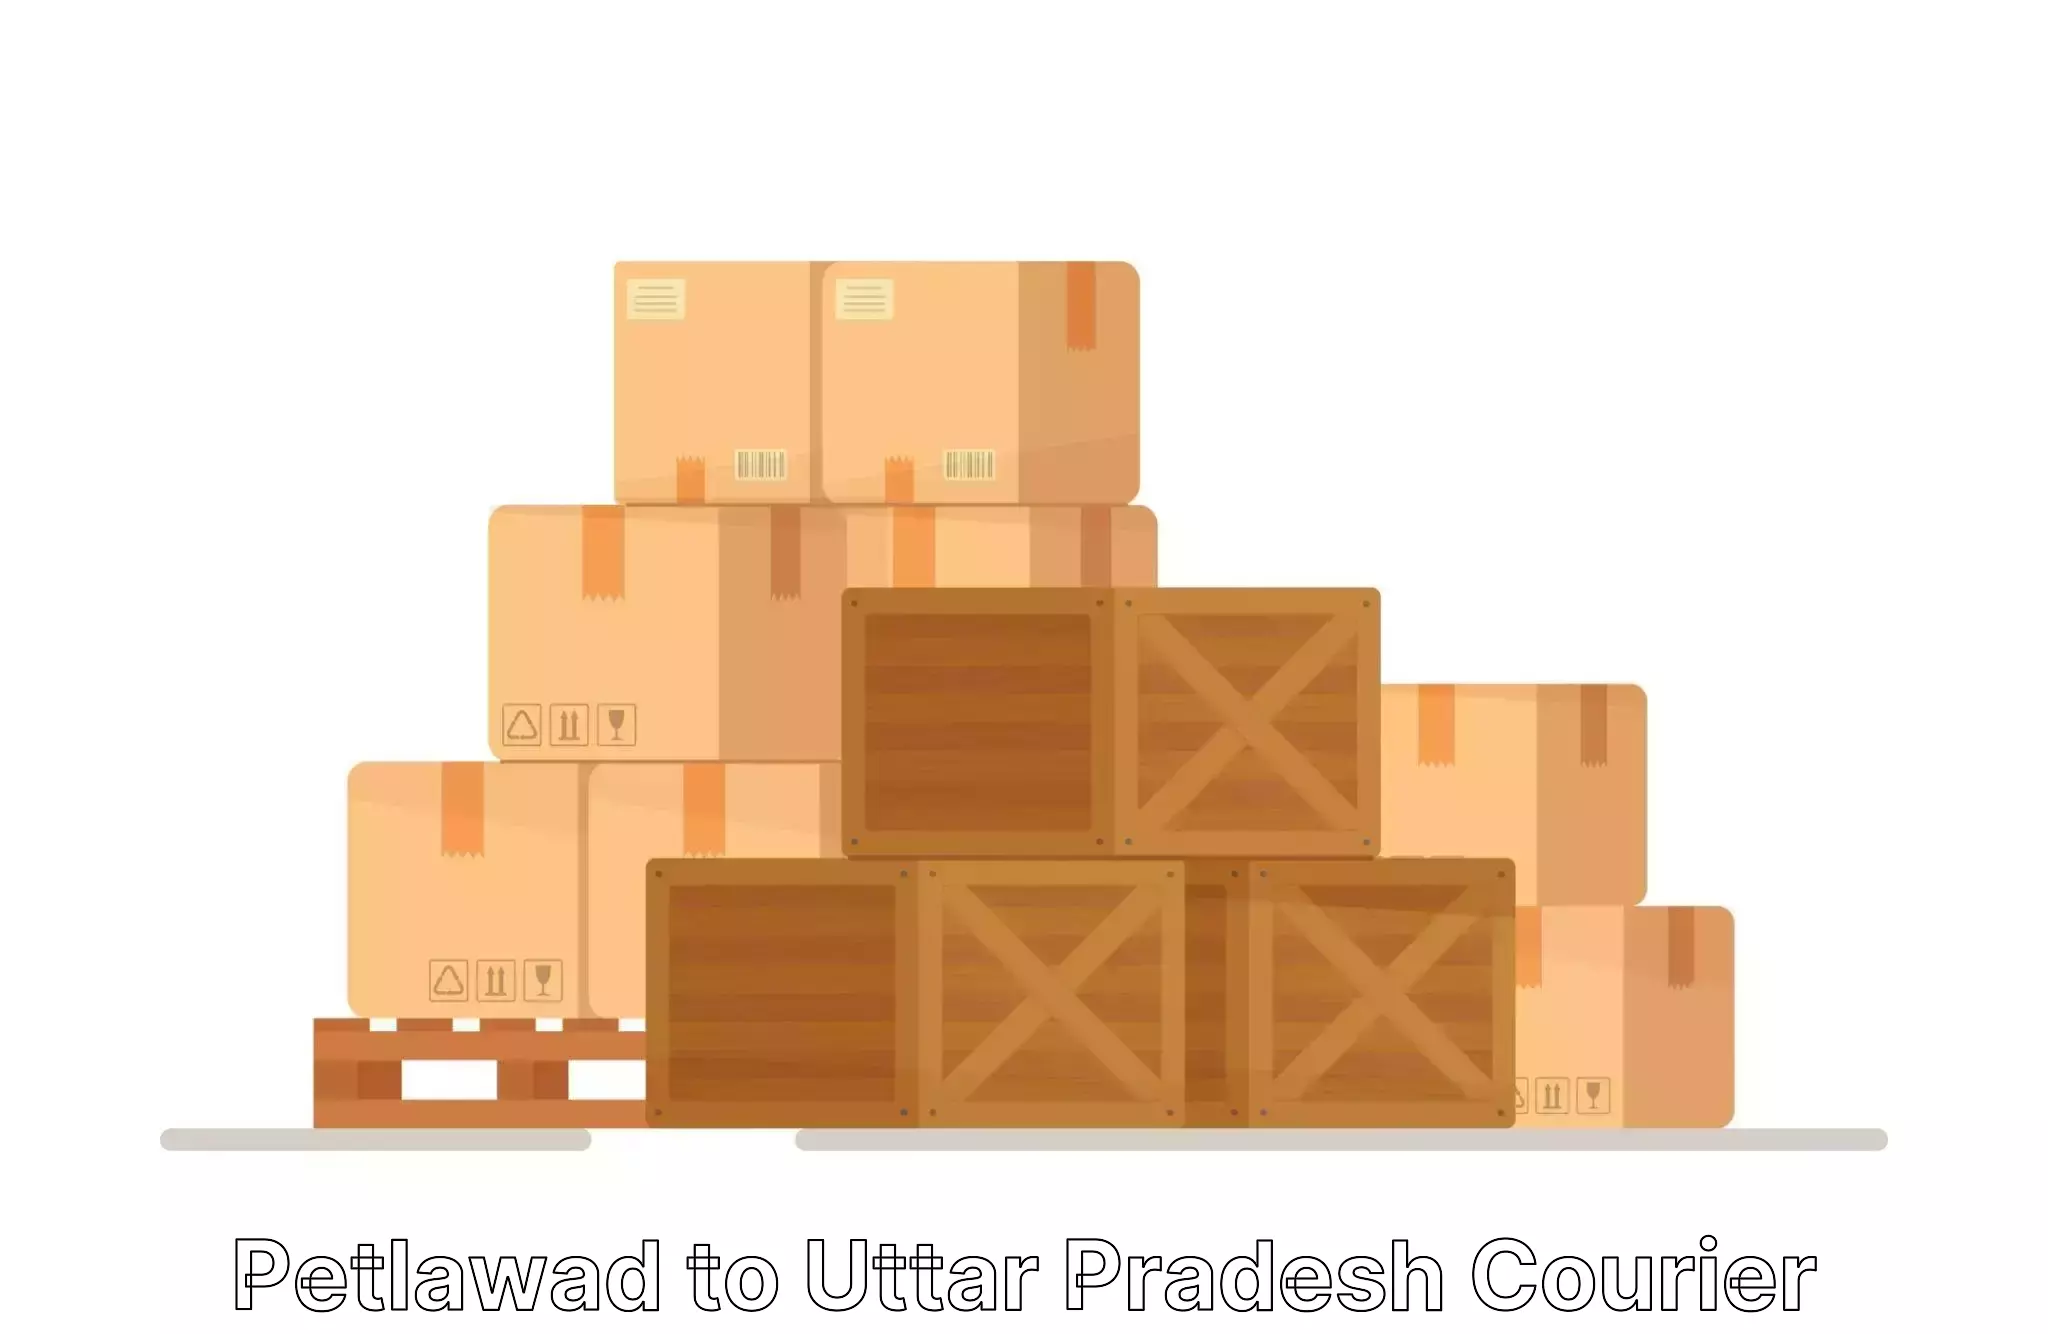 Furniture moving specialists Petlawad to Uttar Pradesh
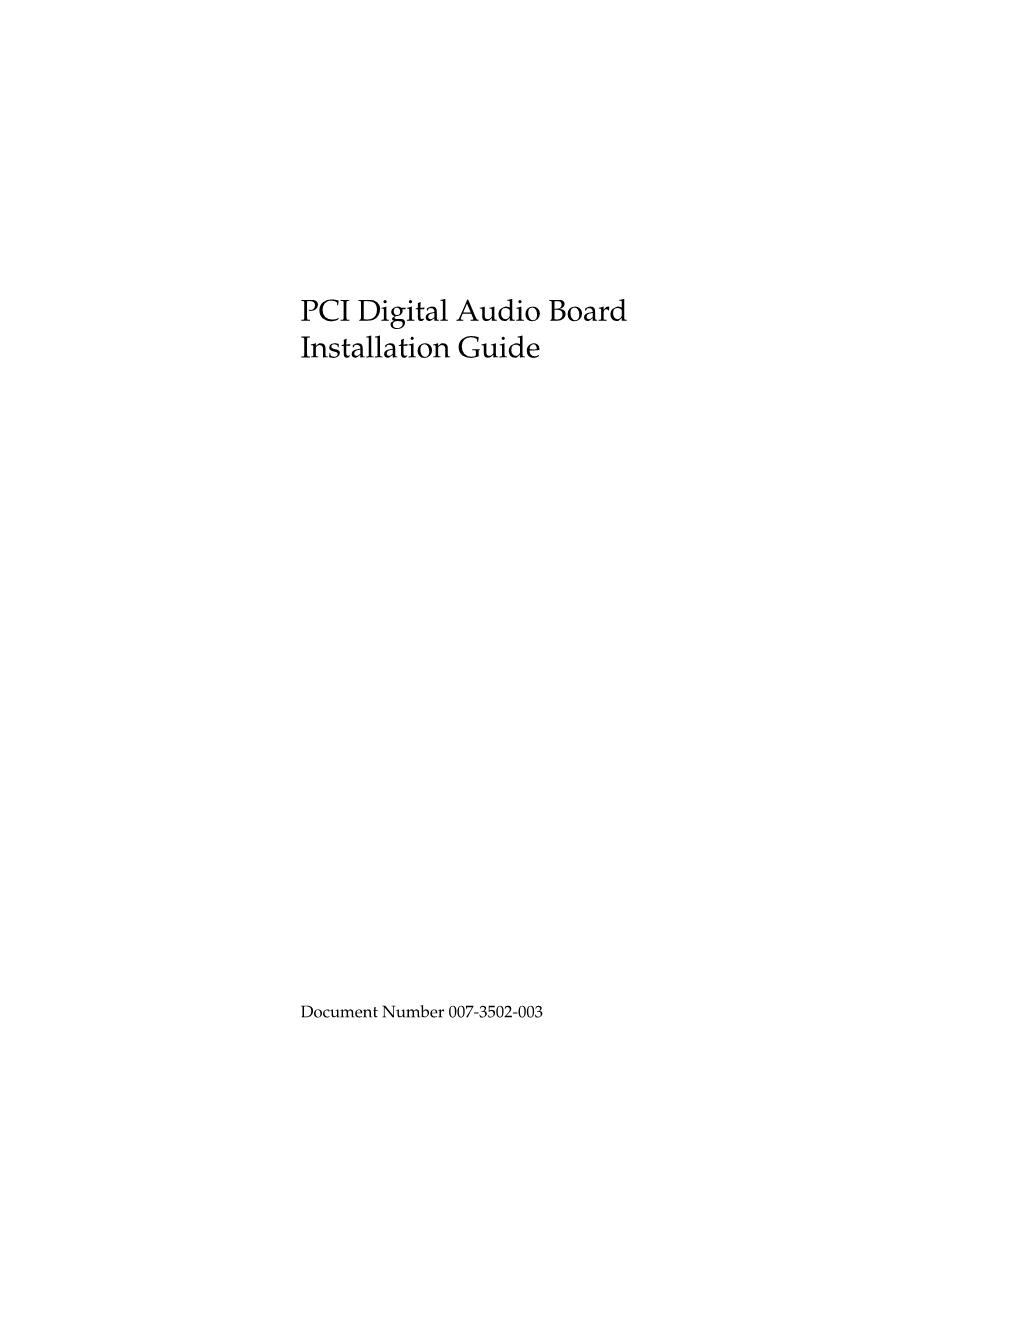 PCI Digital Audio Board Installation Guide
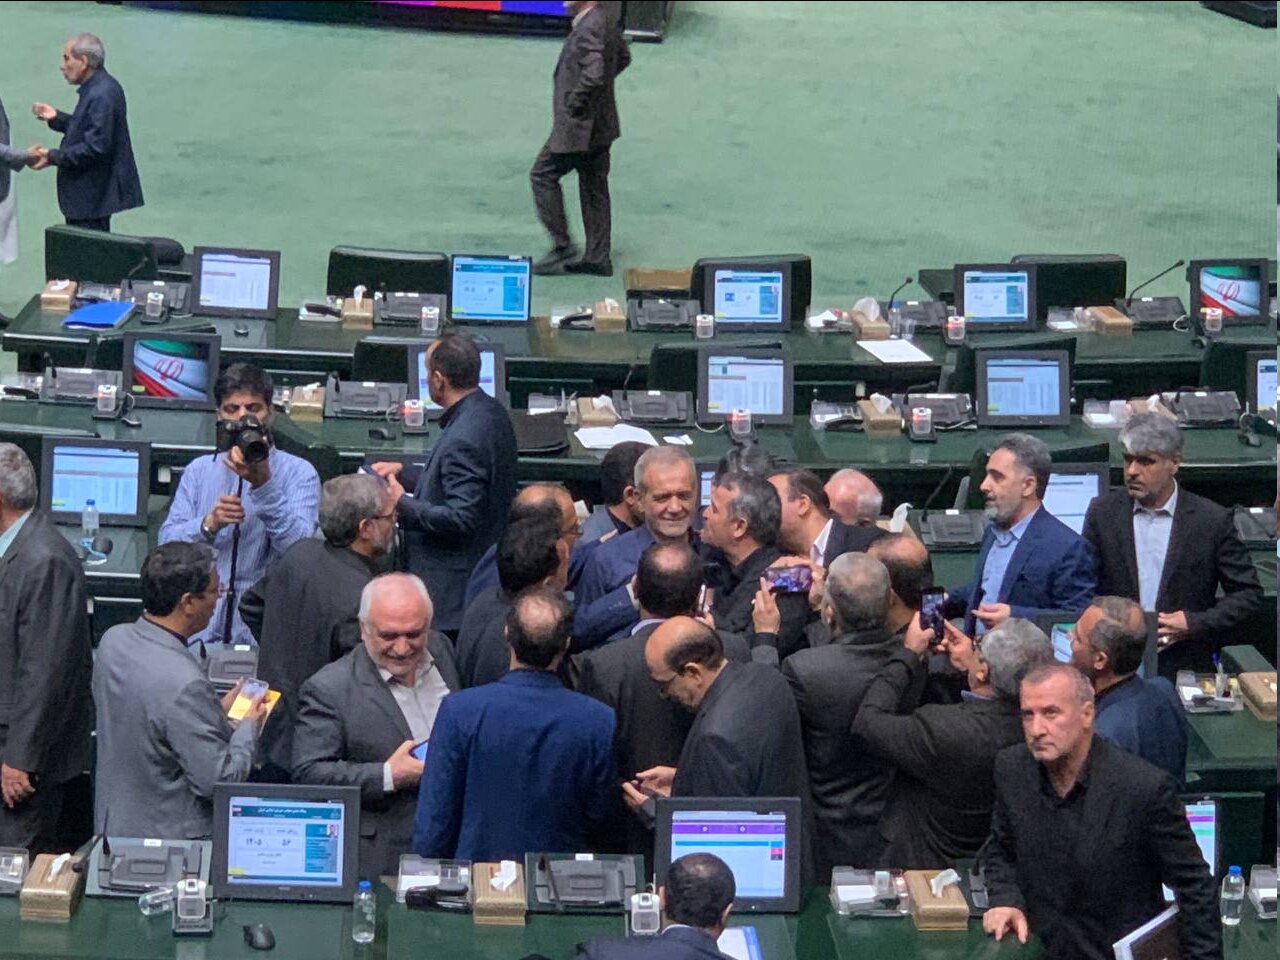 تصاویر خوش و بش نمایندگان مجلس با پزشکیان /بازار سلفی با رئیس جمهوری منتخب داغ بود

Problem> Copy the data above line for line, skipping every picture.

Answer section>
 Furniture moving specialists Petlawad to Uttar Pradesh
 PCI Digital Audio Board Installation Guide
 تصاویر خوش و بش نمایندگان مجلس با پزشکیان /بازار سلفی با رئیس جمهوری منتخب داغ بود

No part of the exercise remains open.